He likes squash; his sister doesn’t. She’ll eat pork, but he decimates it in his search and destroy mission for fat. He loves salad, but she won’t eat any saladlike item unless it’s a tomato with fresh mozzarella. Thankfully, no one like brussel sprouts.

bea2345's avatar

I acquired a taste for Brussels sprouts in the UK, which I have not lost; and have always liked liver. Here liver is cooked highly seasoned with as much onion and black pepper as the law allows. Unfortunately, I am in a minority so I seldom get to eat liver (let alone Brussels sprouts).

christine215's avatar

After reading through responses, it’s almost a comfort to find out how many others barfed at the dinner table from being forced to eat something

cwilbur's avatar

I love Brussels sprouts, but it’s really tough to tell whether a particular batch of them are good or not. They tend to go bad from the inside, and there’s not much more disappointing than sitting down to a plate of Brussels sprouts, cutting into one, and realizing that the whole batch is bad.

valdasta's avatar

My dad grew up in a third-world country; he can’t stand waste. We were never forced to eat anything and I don’t remember my mom fixing anything that I didn’t like. However, my dad had a way of shaming us into eating everything on our plate. I just made sure that nothing ended up on my plate that I was not going to eat.

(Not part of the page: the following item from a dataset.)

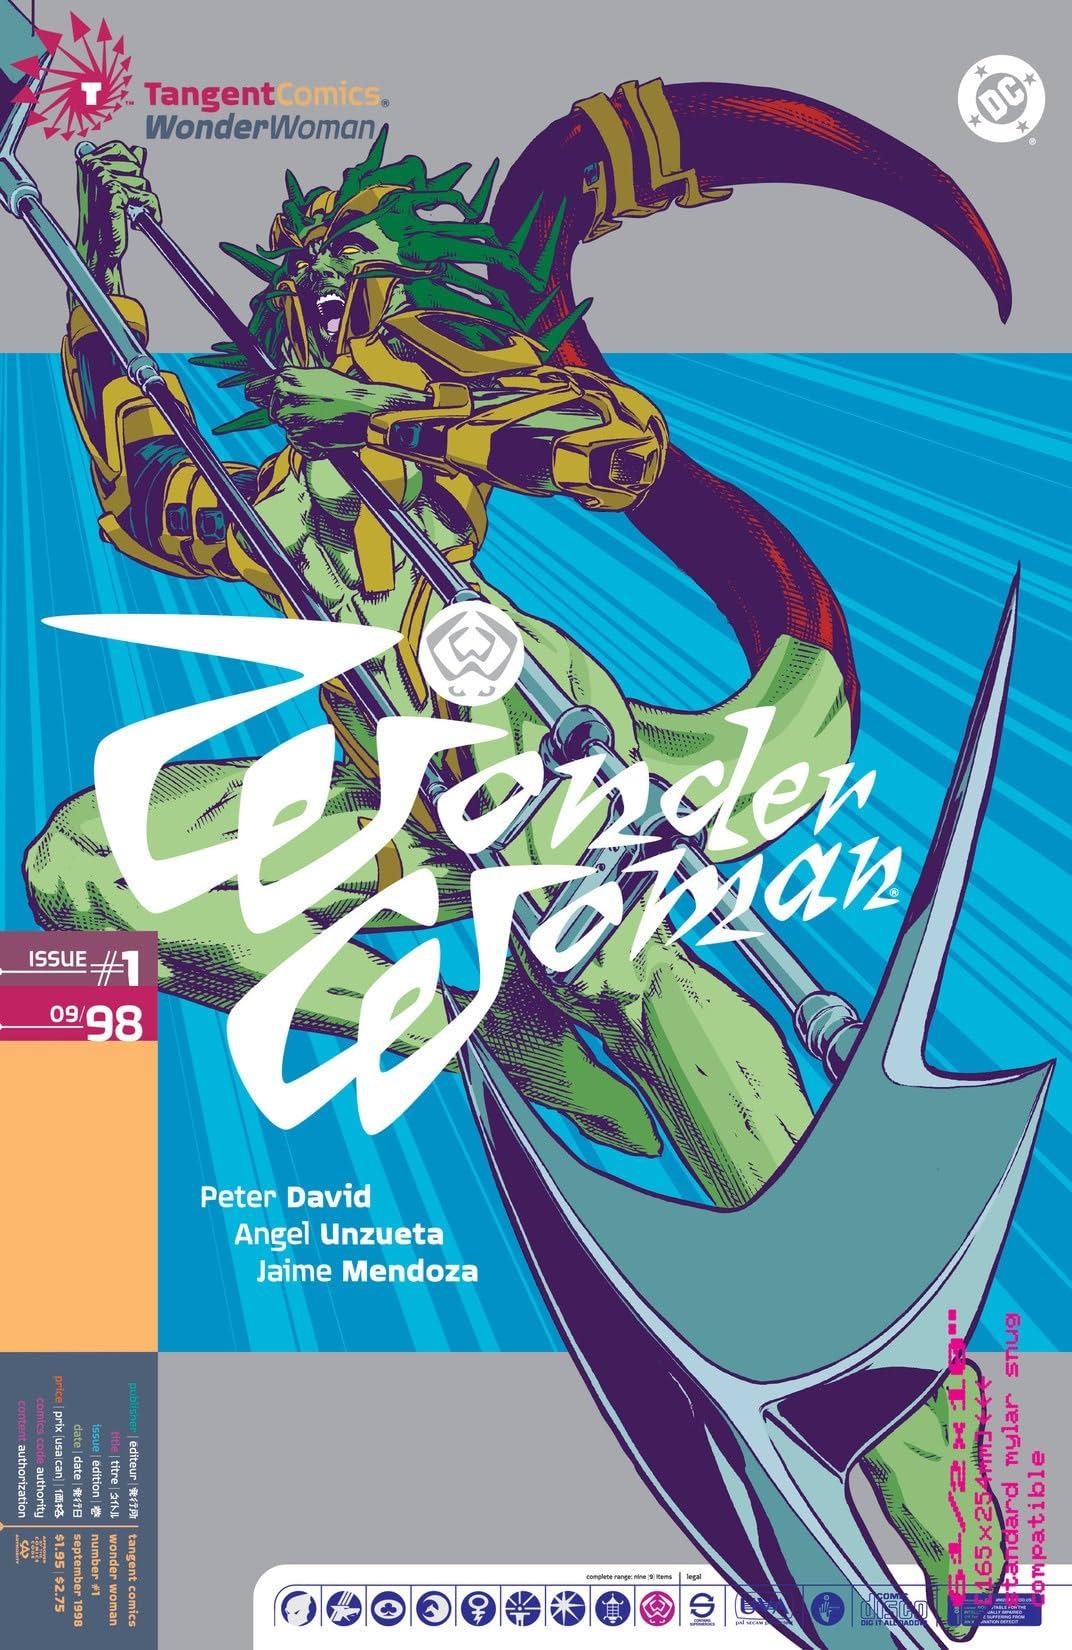 Tangent Comics: Wonder Woman (1998) #1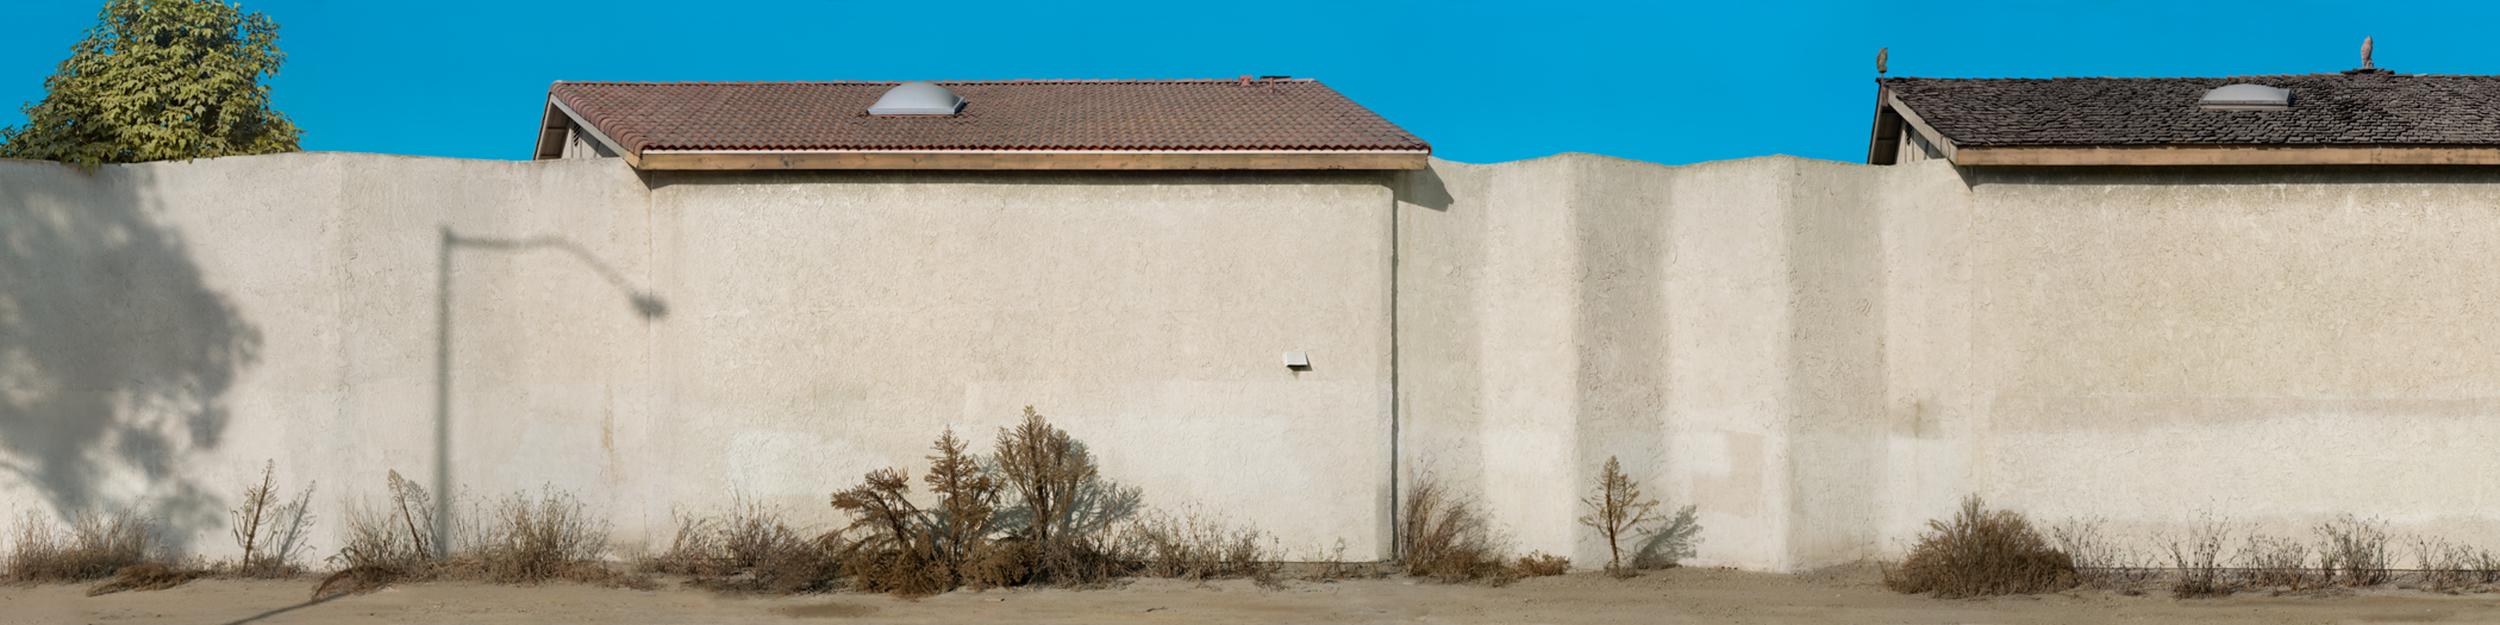 Afriges-20090823-2.jpg

I have several children of my own now. With my first child, I made him eat everything. When number three came along, I allowed all the children to have one dislike. When that item was on the menu, they were not forced to take it. When number four came along, I just explained to everyone that we were not running a restaurant. Therefore, if you don’t care for what is on the table, you don’t have to eat it, but you are not allowed to say, “I don’t like this” or ask for something that is not being served. But, they are more than welcome to tell mom, “Thank you for the meal”.

DominicX's avatar

@valdasta

And what if the child has more than one dislike? You can’t control how your children perceive food.

christine215's avatar

I can’t answer for Valdasta, but I look toward getting different foods into my kids diet over the course of a day, rather than on a ‘meal by meal’ basis
so if she doesn’t eat the cut up veggies I pack her for lunch, I let her have input on what the veggies are going to be for dinner.
(plus she’ll eat most any kind of fruit)
if there’s something for dinner that she doesn’t like, she doesn’t have to eat it, she can just have a little more of whatever else we’re having that she does like

(spelling edit)

Val123's avatar

@valdasta Your fourth one was best! What I don’t understand is if someone cooks for four kids something for dinner that they know one of the kids doesn’t like—why don’t they cook less of whatever? Why cook four full portions? Why not three and don’t even offer it to the kid who doesn’t like it? That’s saves the waste…(Plus, sometimes, after a while, in the absence of any fight, they tend to get curious and might try whatever when you aren’t looking!)

valdasta's avatar

@DominicX we do have children with more than one dislike. I guess the idea was to be not so extreme or overbearing.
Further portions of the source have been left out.